Job Title: Site Reliability Engineer (SRE)
Job Location: Germany (Remote)
Job Type: Fixed Term Contract (12 Months)
Responsibilities
• Design, develop, and maintain observability platform component and integrations across Prometheus, Thanos, Grafana, OpenTelemetry, and streaming telemetry systems.
• Contribute to architecture and technical design of scalable monitoring solutions running on Kubernetes, Docker, and cloud-native environments.
• Implement standardized instrumentation Using OpenTelemetry, SDKs, collectors, exporters and agent across services and infrastructure.
• Built and Optimise Telemetry pipelines for metrics, Logs, and traces using Prometheus, OTEL collector, Kafka/Streaming pipelines, and time-series backends.
• Develop advance PromQL queries, recording rules, and AlertManager logic for complex monitoring scenarios.
• Create reusable dashboards and visualisation templates using Grafana (and Perses if applicable.)
• Automate deployments and configuration using Git, GitHub/GitLab, Jenkins, ArgoCD, Helm, and Infrastructure-as-Code practises.
• Troubleshoot and optimise performance across collectors, exporters, storage backends and query layers.
• Support performance testing, load validation, and reliability analysis of observability components.
• Collaborate with engineering and SRE teams to onboard services and improve Telemetry coverage across platforms.
• Document implementations, standards, and operational procedures.
Required skills and expertise
• Strong programming experience in Go, Python, Or Java With focus on backend or platform engineering.
• Hands-on expertise with Prometheus ecosystem (Prometheus, Alertmanager, exporters, Pushgateway) And PromQL.
• Experience implementing OpenTelemetry instrumentation, collectors, processors and pipelines.
• Strong knowledge of Kubernetes, containers, Helm and MicroServices architecture.

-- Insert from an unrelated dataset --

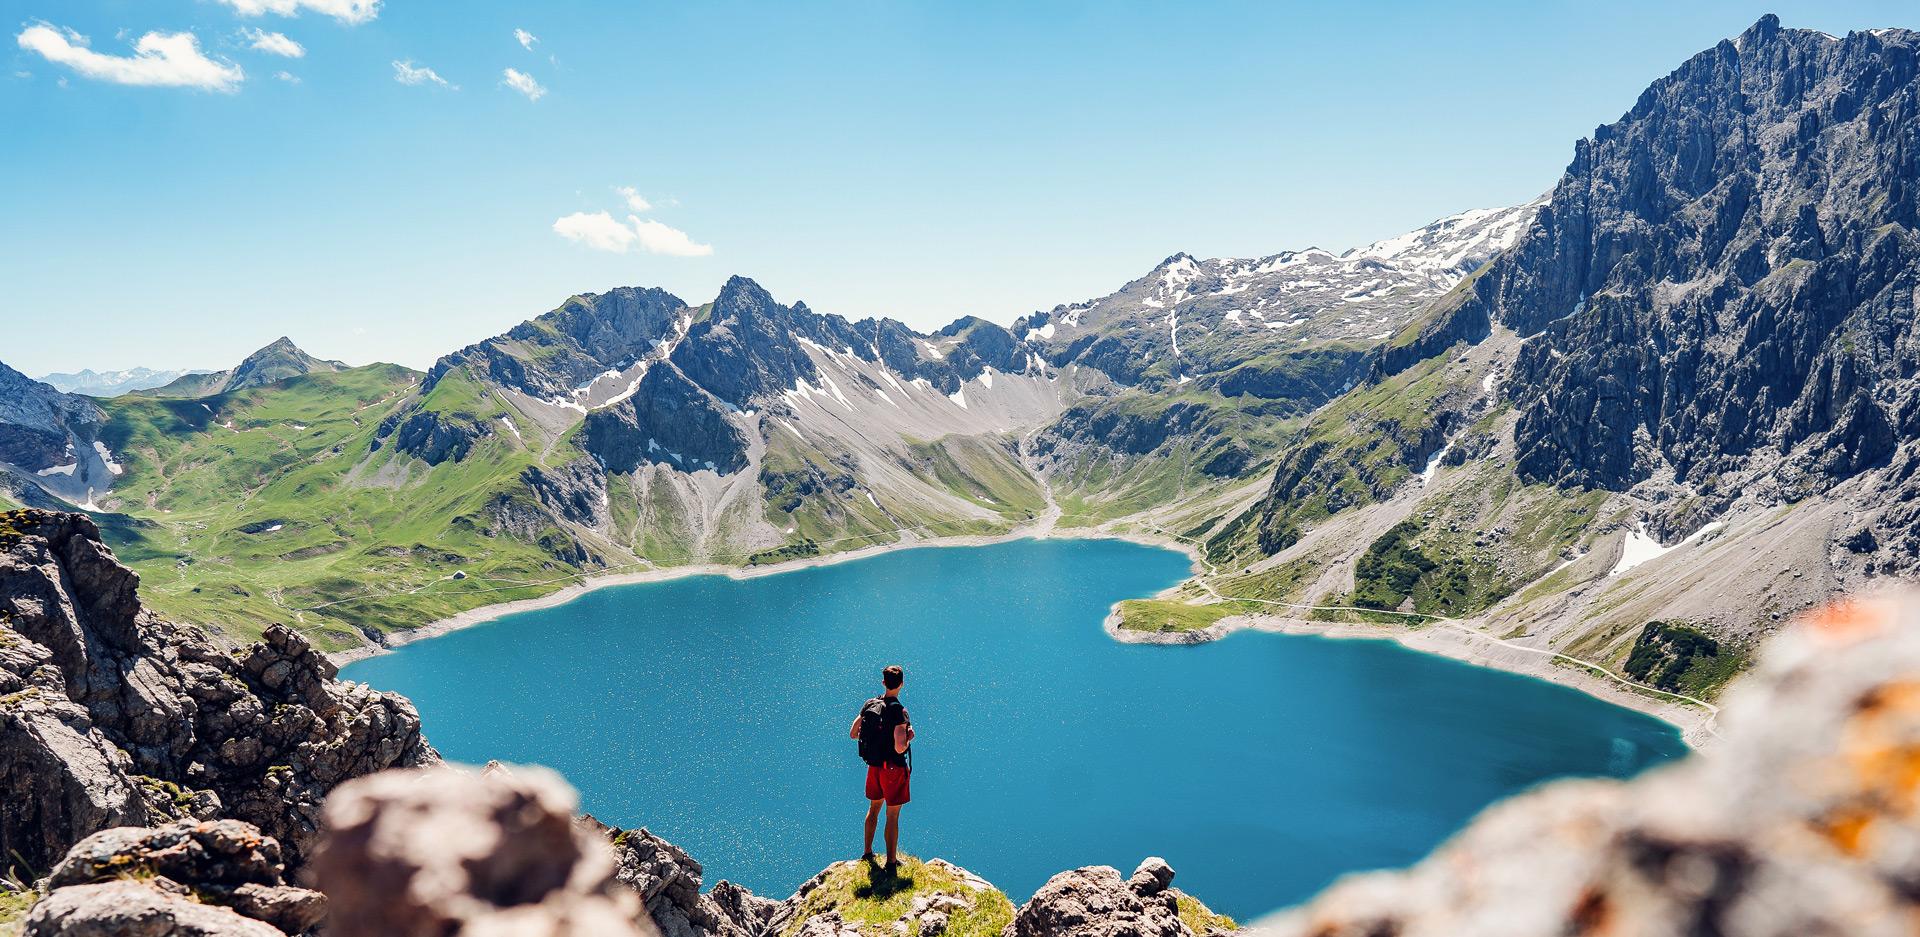 Schweizer Wanderwege | Wanderbegleitung suchen

• Experience with CI/CD tools such as Jenkins, GitHub Actions, GitLab CI, Or Argo CD.
• Understanding of distributed systems, Performance tuning, Debugging, and profiling techniques.
• Fimilarity with streaming and messaging systems (example, Kafka or equivalent) and time-series databases.
• Experience building or integrating REST/gRPC APIs.
• Proficiency in Git workflows, Scripting (Bash/Python), And automation frameworks.
• Understanding of SNMP, exporters, and infrastructure/device telemetry collections.
• Awareness of sec Security, RBAC, secret management, and compliance requirements in platform environments.